TRY IT:
If a picture appears among the records, leave it out and set down everything else exactly as it stands.
RECORDED INFORMATION section start
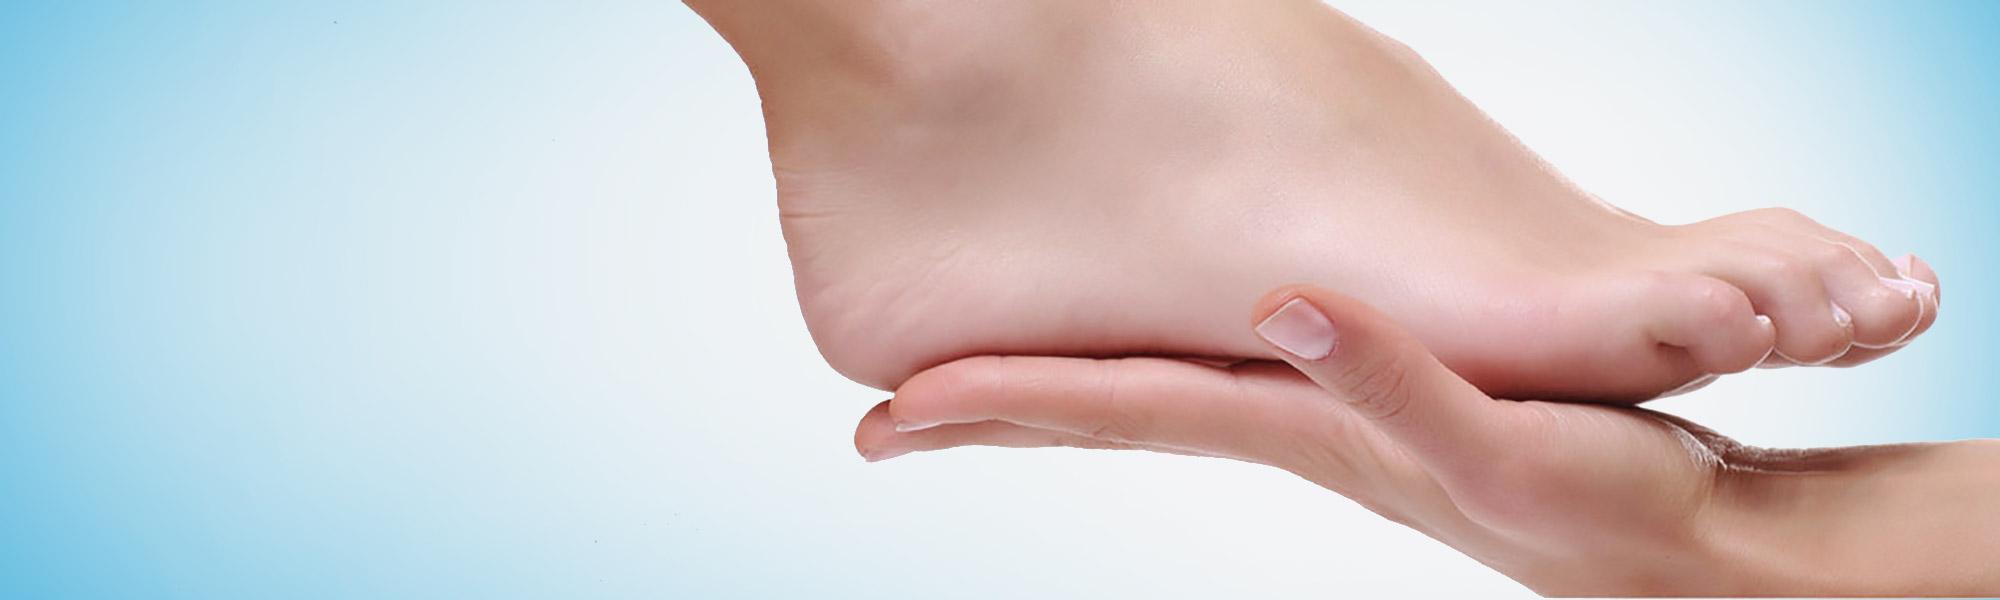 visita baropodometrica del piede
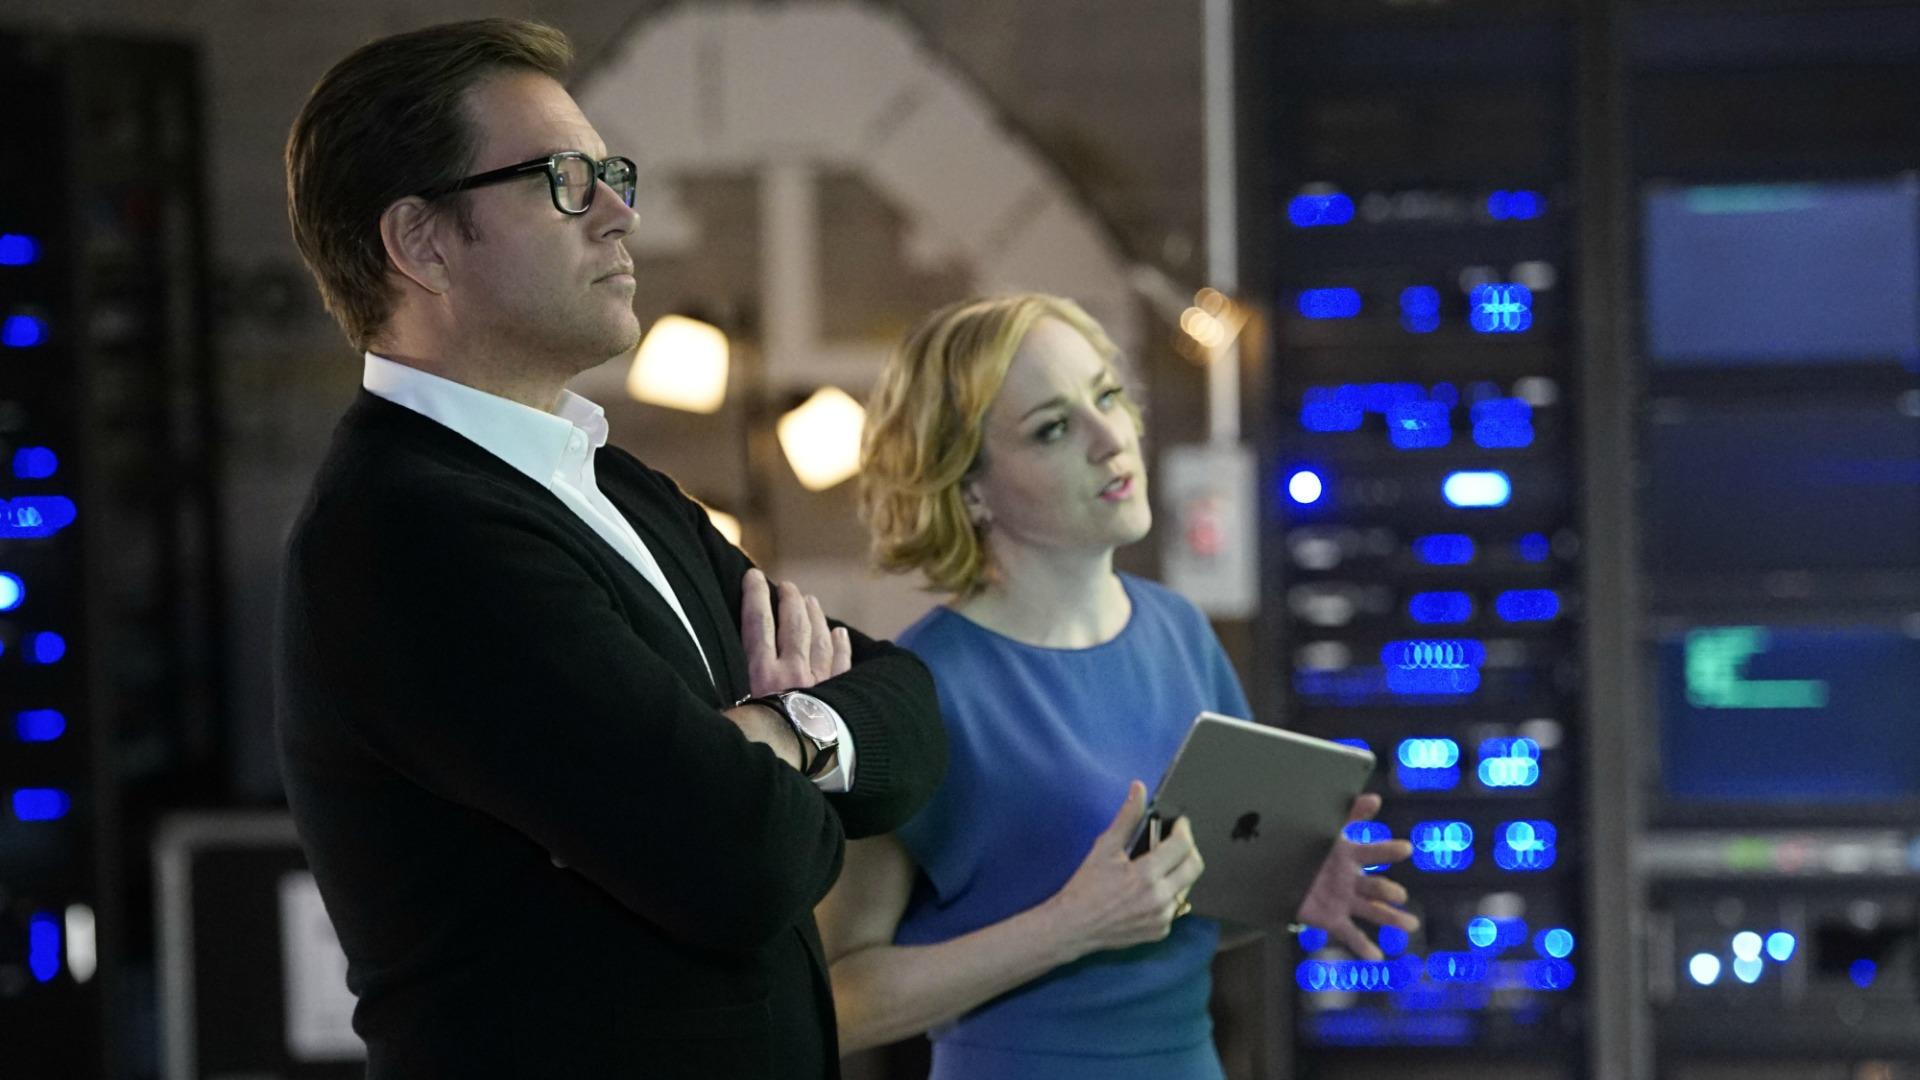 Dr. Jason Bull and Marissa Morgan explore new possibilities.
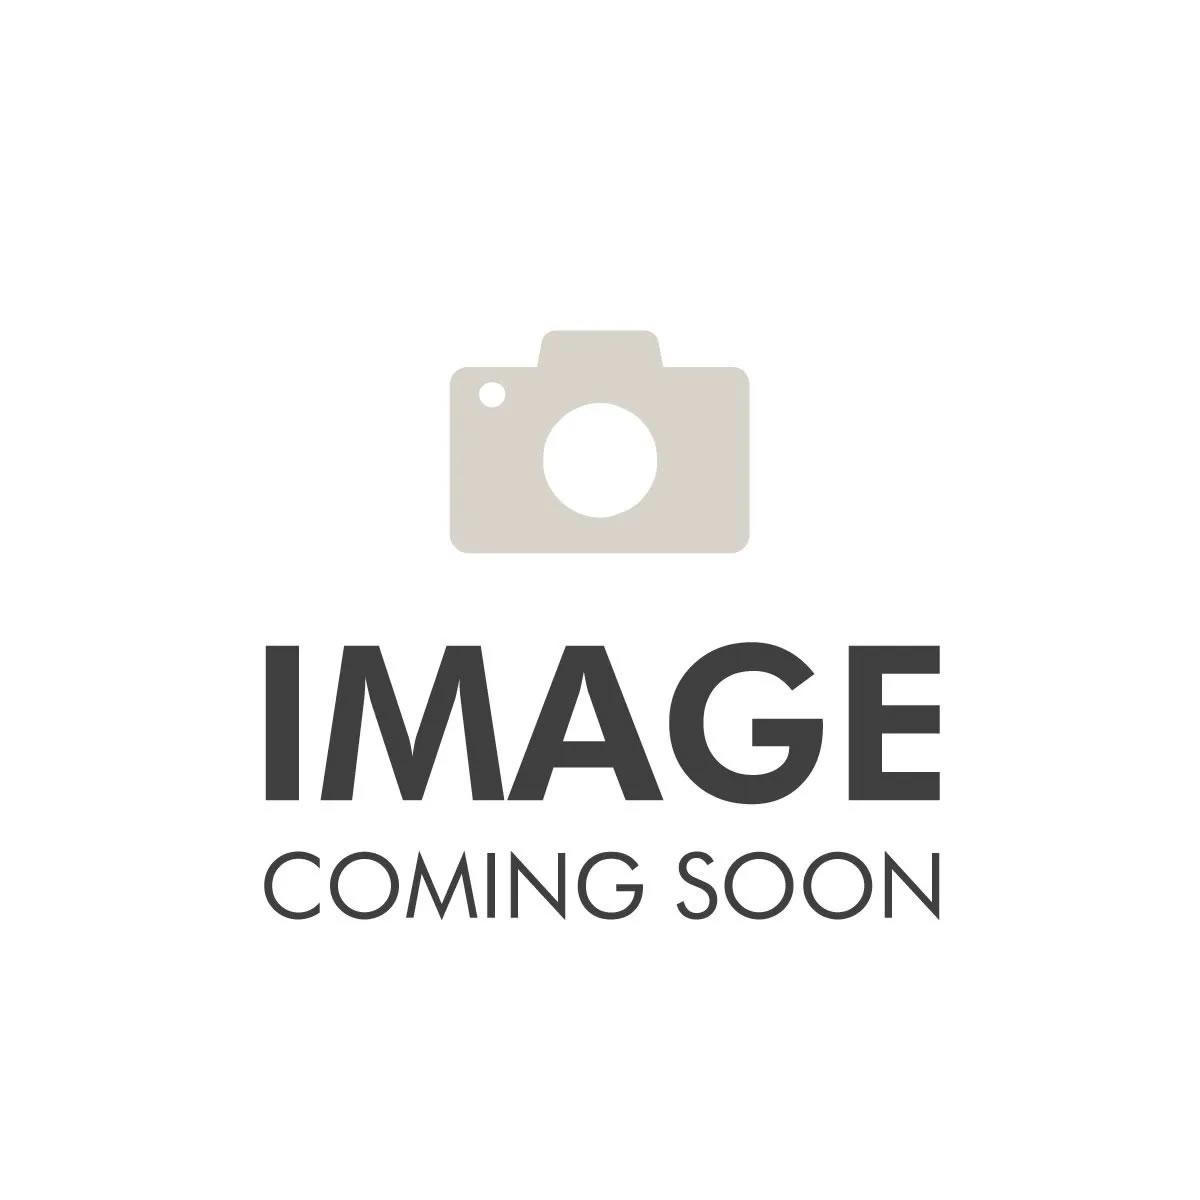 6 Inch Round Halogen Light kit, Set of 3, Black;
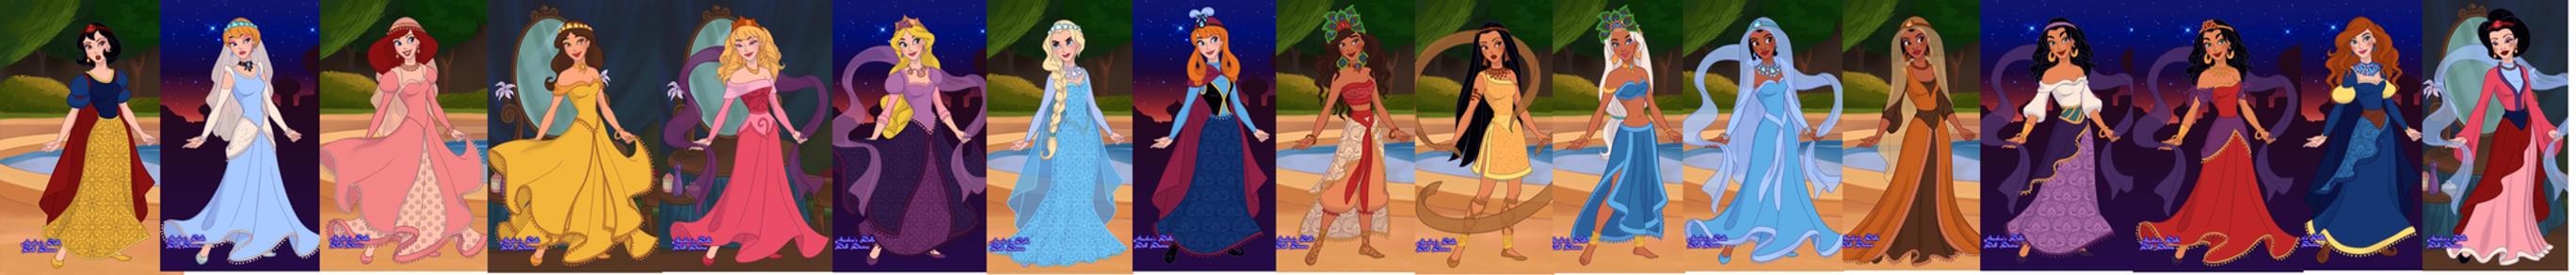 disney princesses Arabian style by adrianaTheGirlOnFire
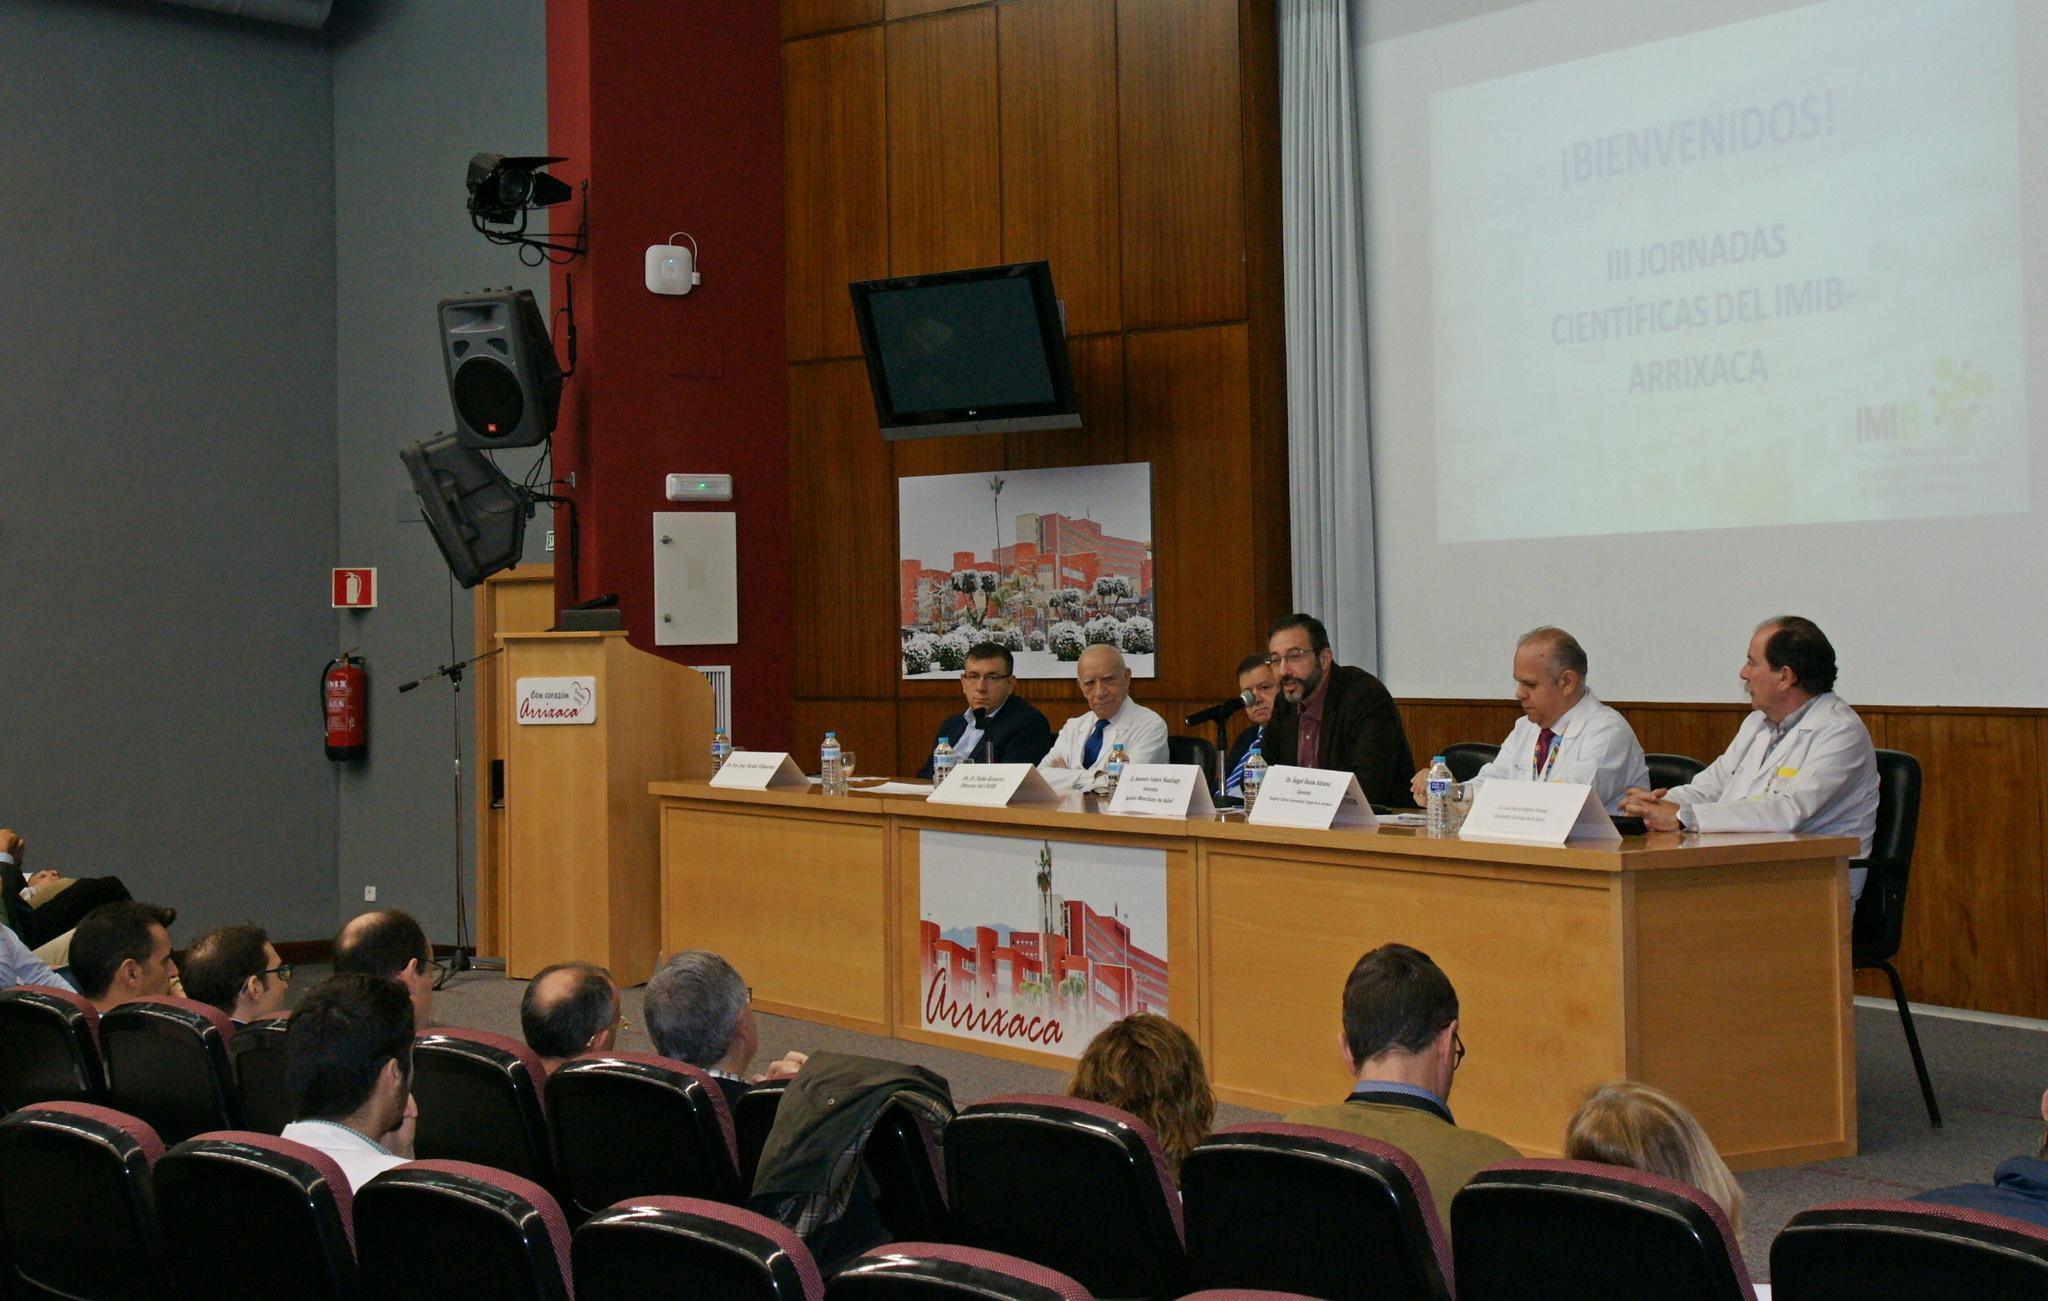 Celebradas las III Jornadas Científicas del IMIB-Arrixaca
RECORDED INFORMATION section end
RESULT OF THE EXERCISE:
 visita baropodometrica del piede
 Dr. Jason Bull and Marissa Morgan explore new possibilities.
 6 Inch Round Halogen Light kit, Set of 3, Black;
 disney princesses Arabian style by adrianaTheGirlOnFire
 Celebradas las III Jornadas Científicas del IMIB-Arrixaca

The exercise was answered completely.